The government has announced an inquiry to investigate the plague of nuisance telephone calls and text messages on UK citizens.
Earlier this year V3 revealed that six million spam texts hit UK mobile users' phones every day and the Information Commissioner’s Office (ICO) has started to tackle the matter head on, issuing heavy fines for firms found to be bombarding people with unwanted messages.
In the latest crackdown, the Culture, Media and Sport Committee has called for evidence from those who wish to help with its inquiry into how more action can be taken.
“Unwanted marketing messages can be received by telephone or text message.

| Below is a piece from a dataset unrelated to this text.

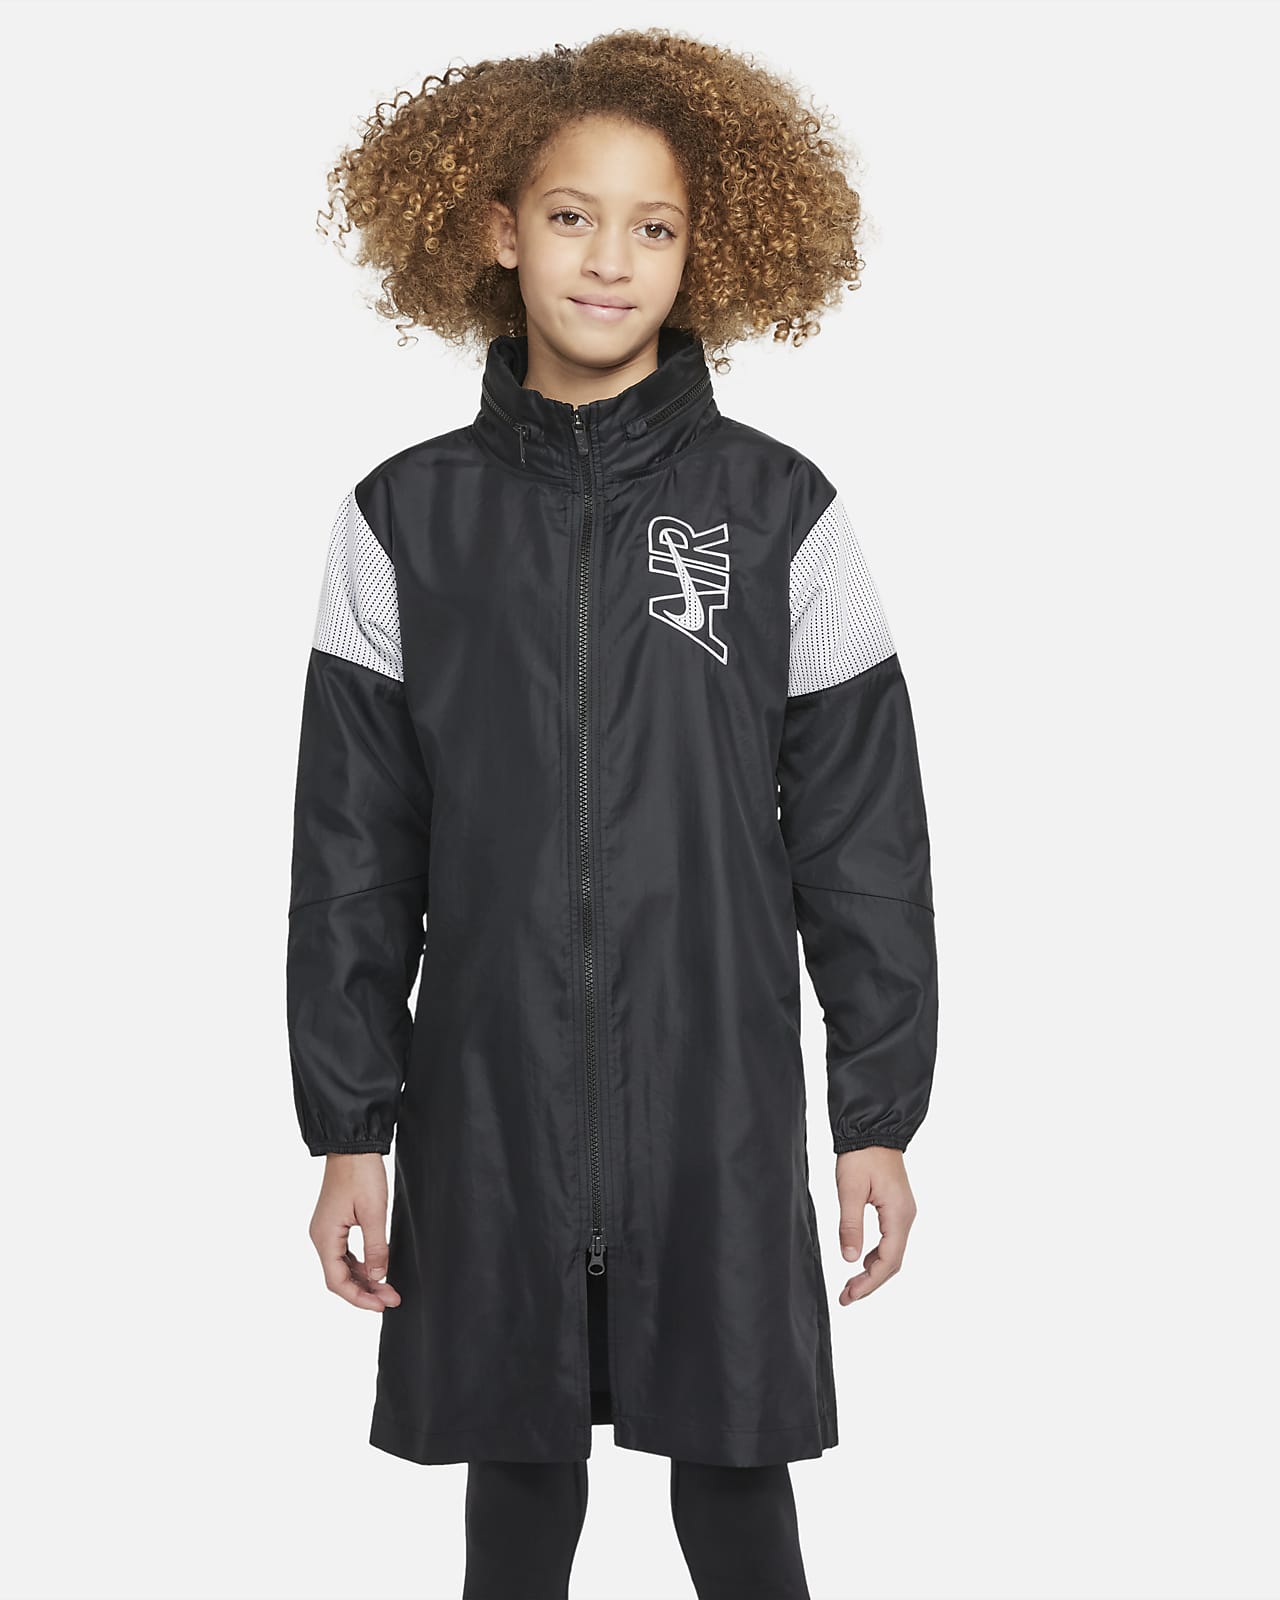 Nike Air Older Kids' (Girls') Woven Hooded Jacket

Together with abandoned, including silent, telephone calls, these have led to many complaints by constituents to their Members of Parliament,” the committee said.
“The Culture, Media and Sport Committee has decided to hold an inquiry into nuisance telephone calls and text messages, focusing on the current regulatory system and its enforcement, the effectiveness of the Telephone Preference Service and practical measures by communications service providers to curtail such communications."
Those interested in responding should send short written submissions in an attached Word document, sent by email to the committee with "Nuisance Calls" in the subject line, no later than 15 August.
The move is likely to be welcomed by the ICO, which has complained in the past that taking action against companies involved in these practices is far too time consuming, as recently explained by Simon Entwisle, director of operations at the data and privacy watchdog.
“We would like to see the law changed to make it simpler for us to punish companies responsible for repeated and continuous breaches of the law,” he said.
Nevertheless, the ICO has been willing to take firms on, with fines issued with increasing regularity. Earlier this month an energy firm was hit with a £45,000 fine for nuisance calls, while two firms that starred on the BBC’s TV show The Call Centre were fined a total of £225,000 for nuisance calls relating to payment protection insurance (PPI).
V3 contacted the ICO for comment on the announcement of the inquiry but had received no reply at the time of publication.